===== Supplied material =====

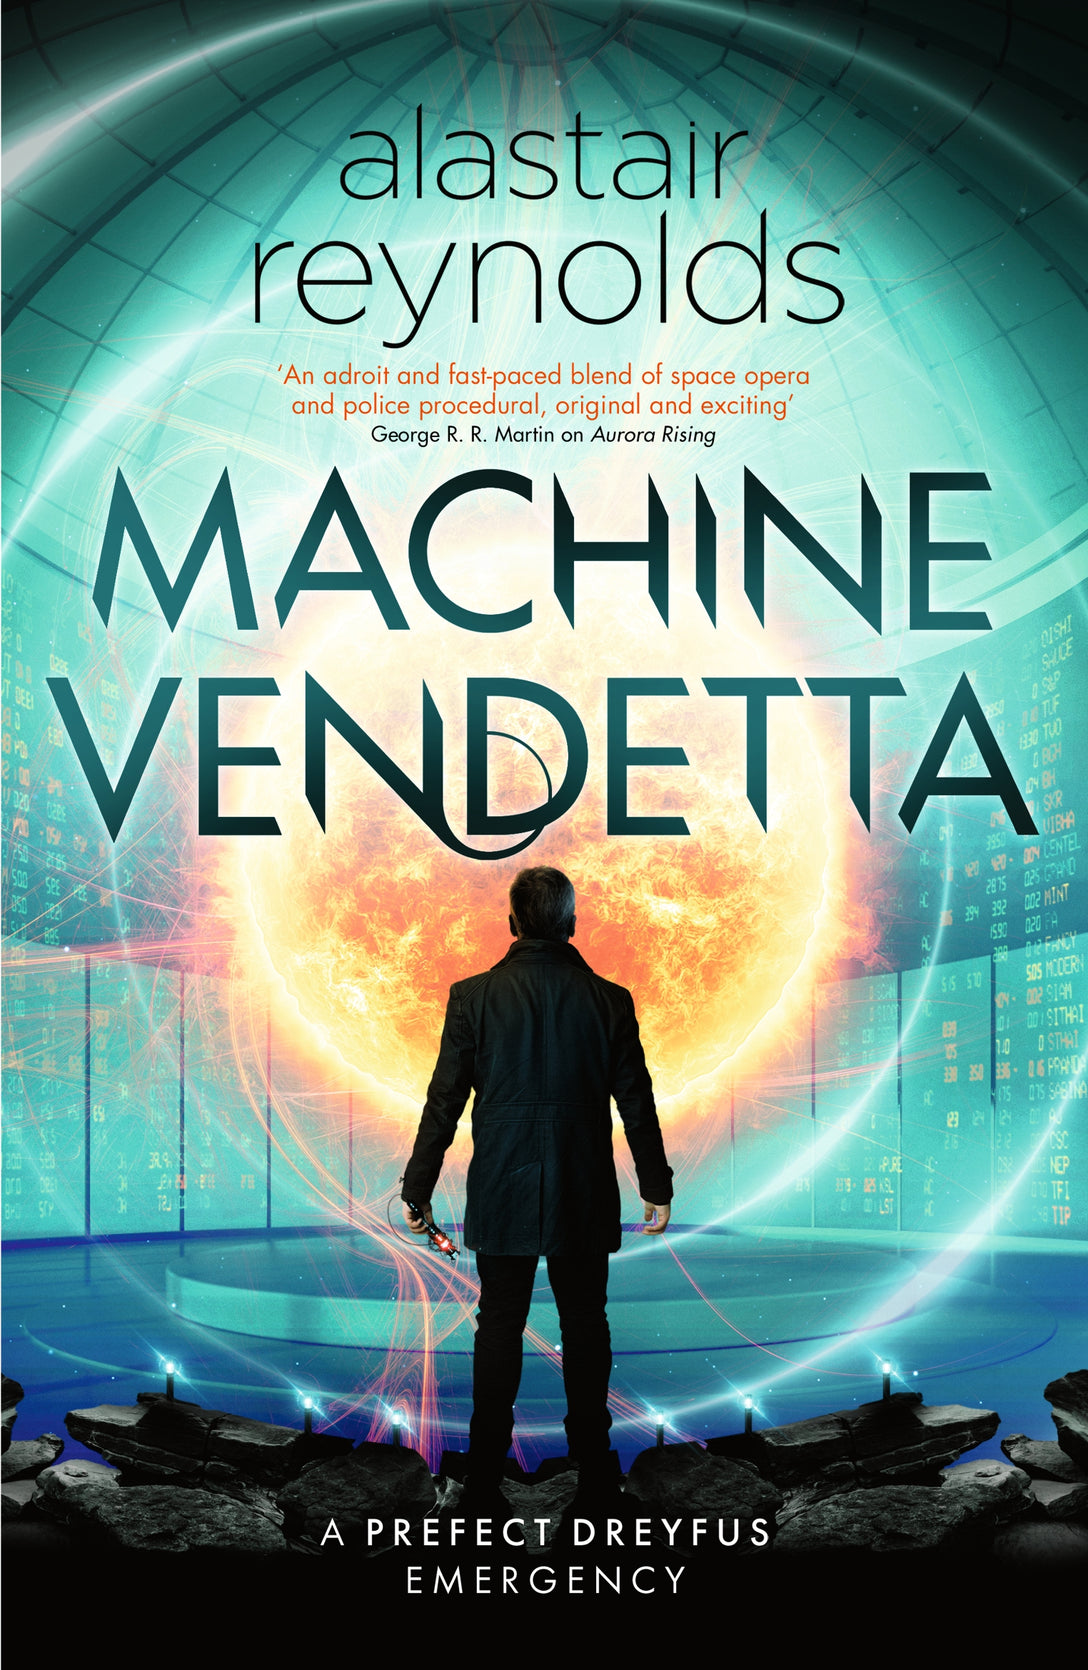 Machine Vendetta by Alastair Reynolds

=====
===== Supplied material =====

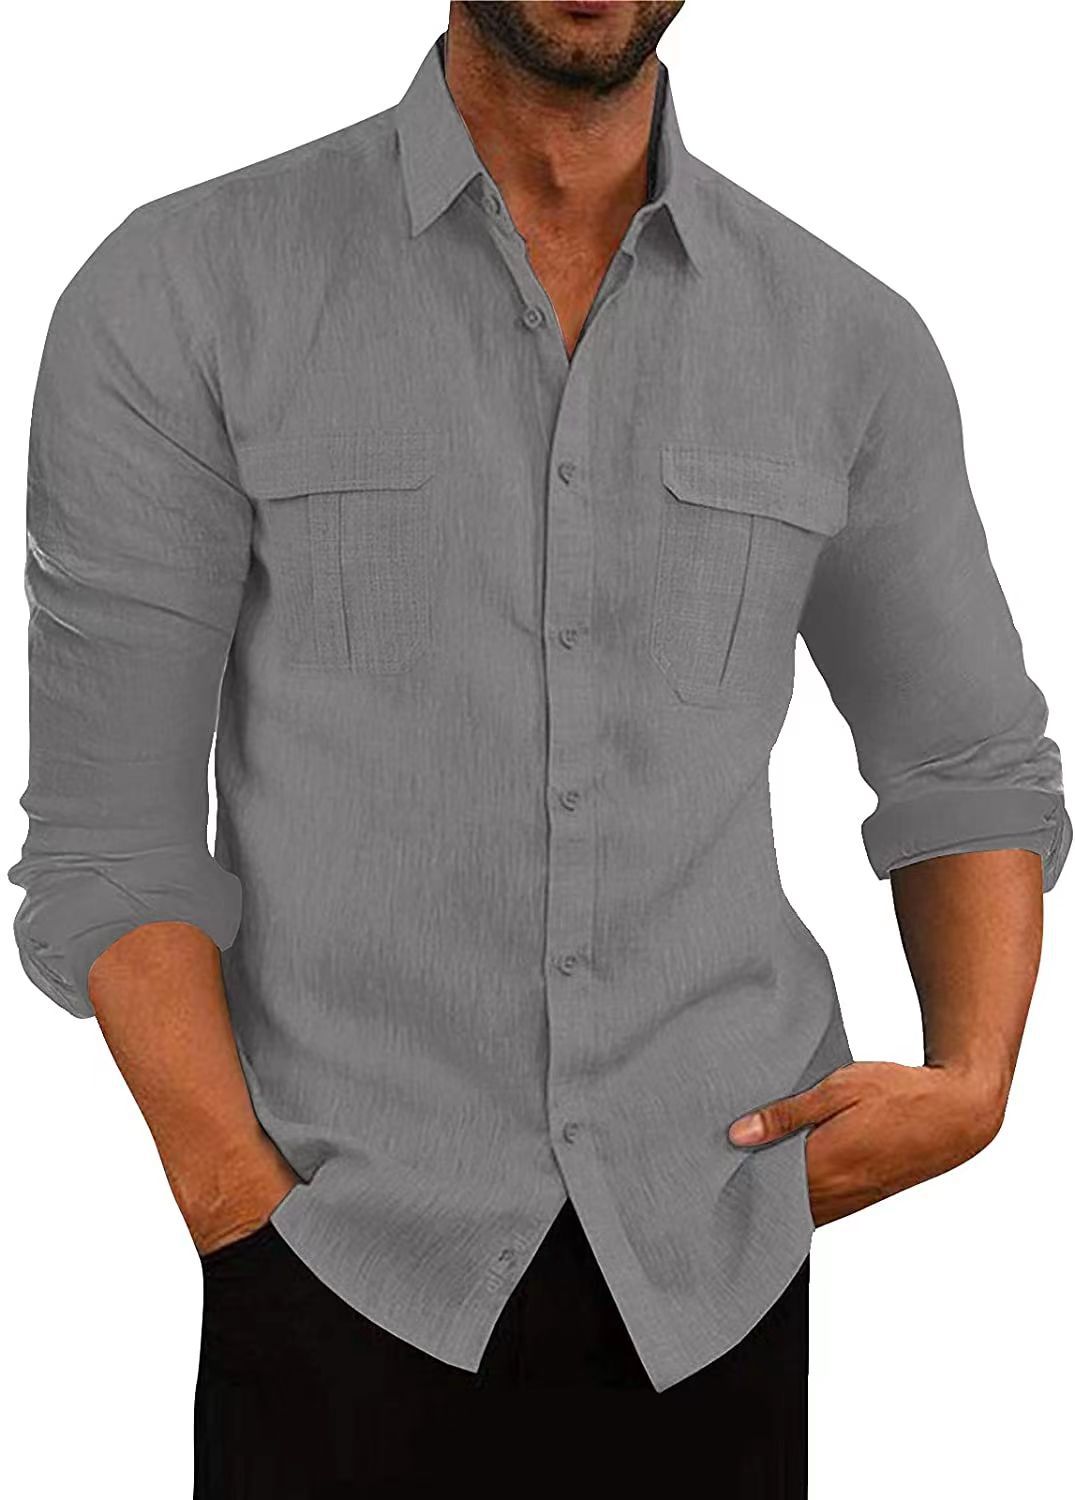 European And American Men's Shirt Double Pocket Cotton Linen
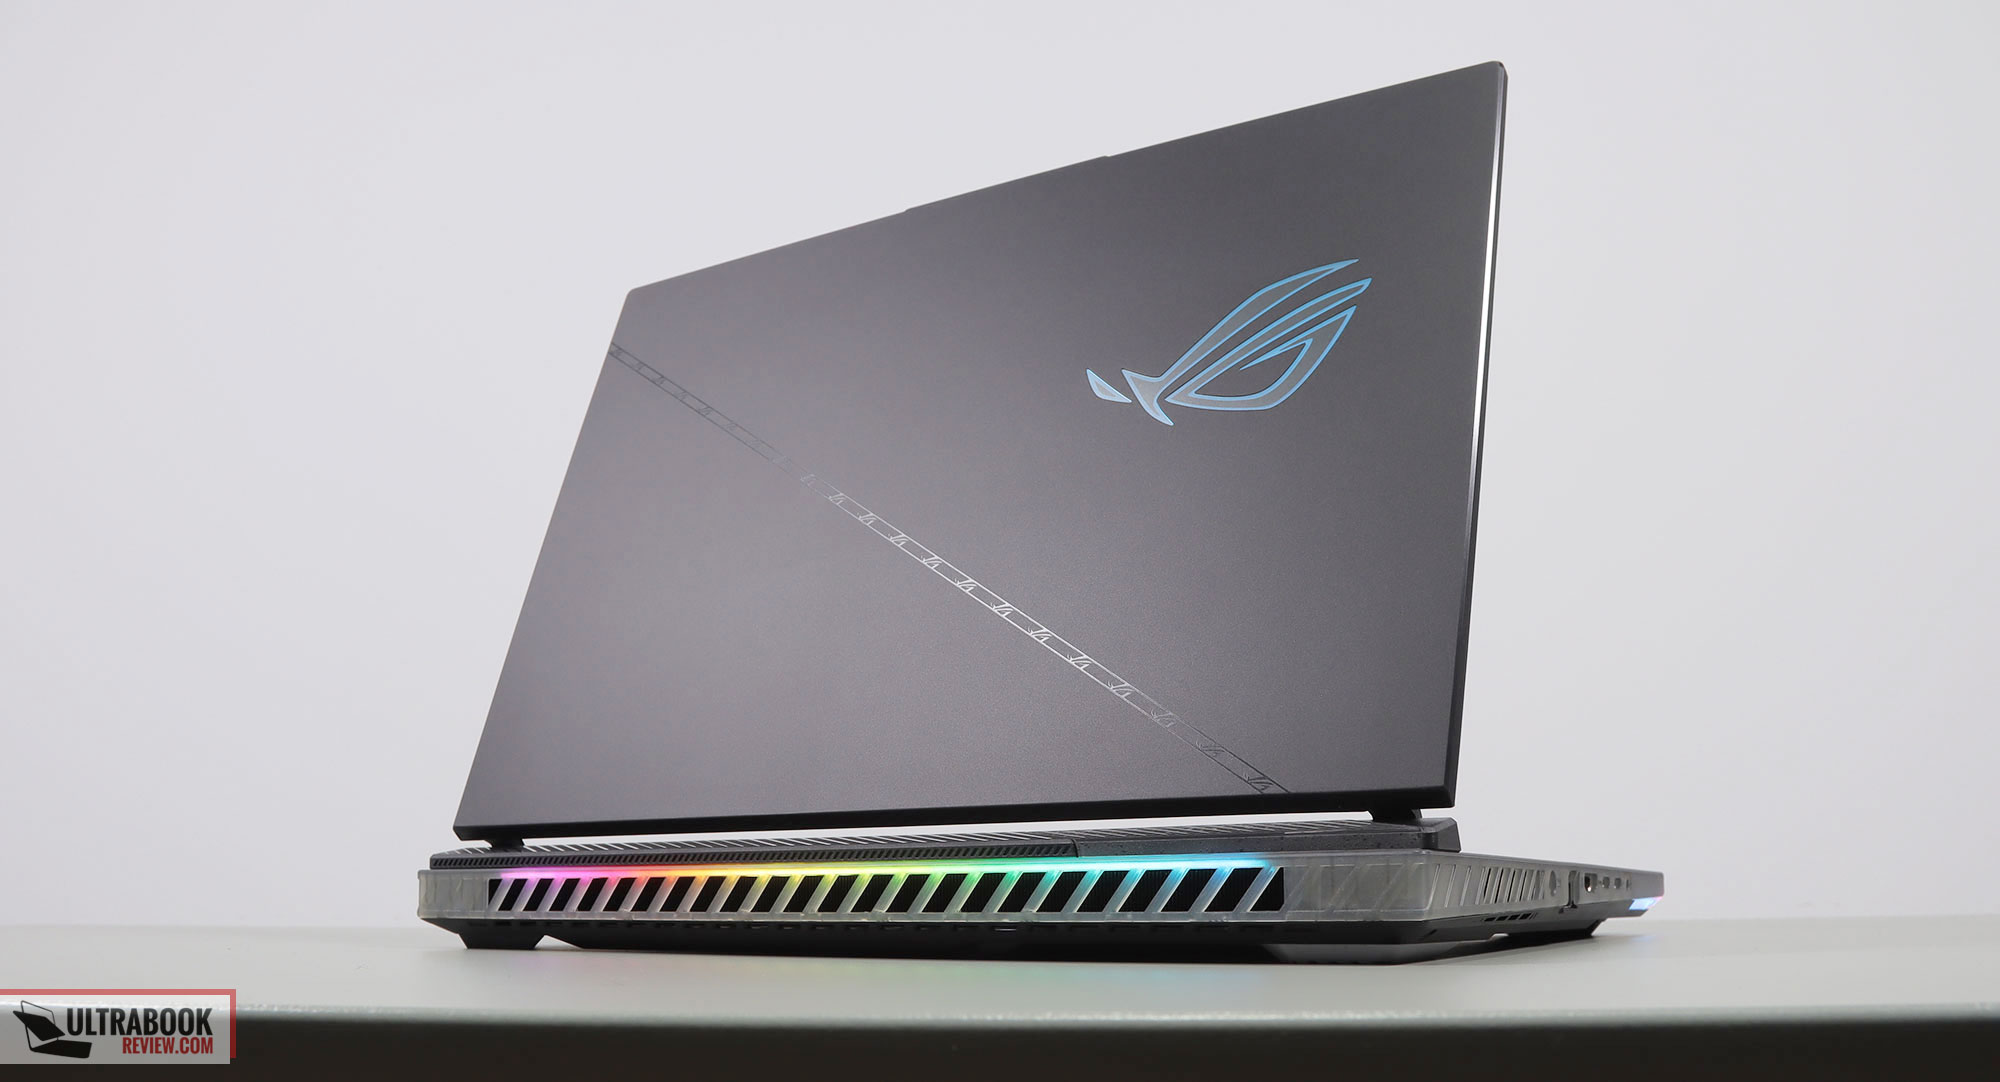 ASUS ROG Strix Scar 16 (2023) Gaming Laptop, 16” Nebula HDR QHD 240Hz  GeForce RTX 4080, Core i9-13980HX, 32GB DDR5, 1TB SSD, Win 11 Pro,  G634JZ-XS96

=====

Starting at the line above with "European And American", output every line exactly up to and including the line with "ASUS ROG Strix", but none of the pictures.

 European And American Men's Shirt Double Pocket Cotton Linen
 ASUS ROG Strix Scar 16 (2023) Gaming Laptop, 16” Nebula HDR QHD 240Hz  GeForce RTX 4080, Core i9-13980HX, 32GB DDR5, 1TB SSD, Win 11 Pro,  G634JZ-XS96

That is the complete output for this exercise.